*** Opening Available data ***

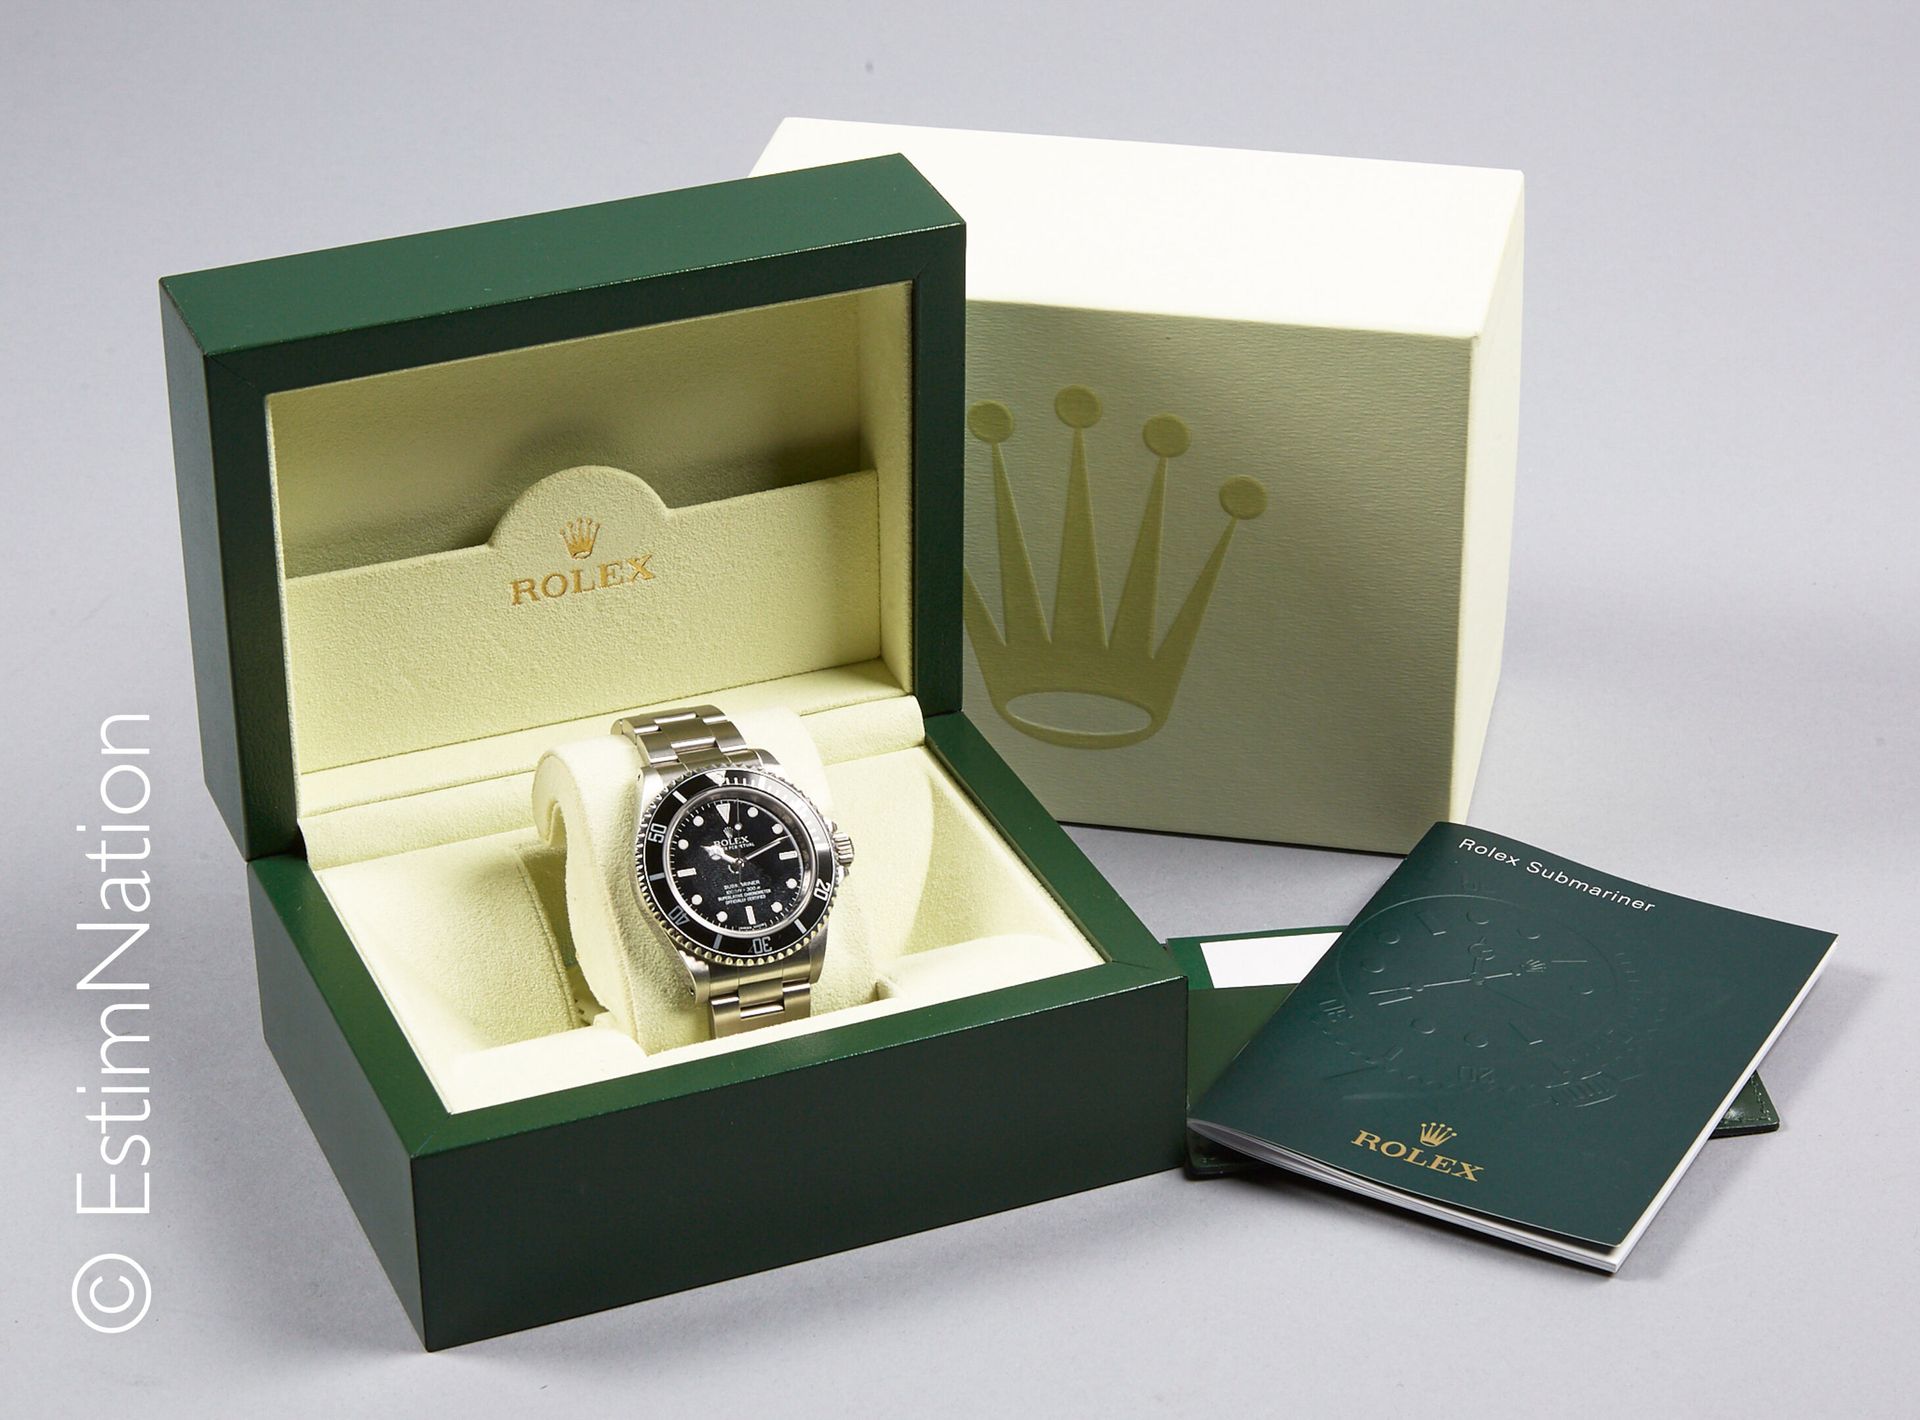 ROLEX SUBMARINER - ANNÉE 2012 
Rolex 





Oyster Perpetual Submariner





Rife&hellip;

*** Closing Available data ***

**About this task**. Leaving out only the pictures, return the material above unchanged.

**Solution for this problem**.
 ROLEX SUBMARINER - ANNÉE 2012 
Rolex 





Oyster Perpetual Submariner





Rife&hellip;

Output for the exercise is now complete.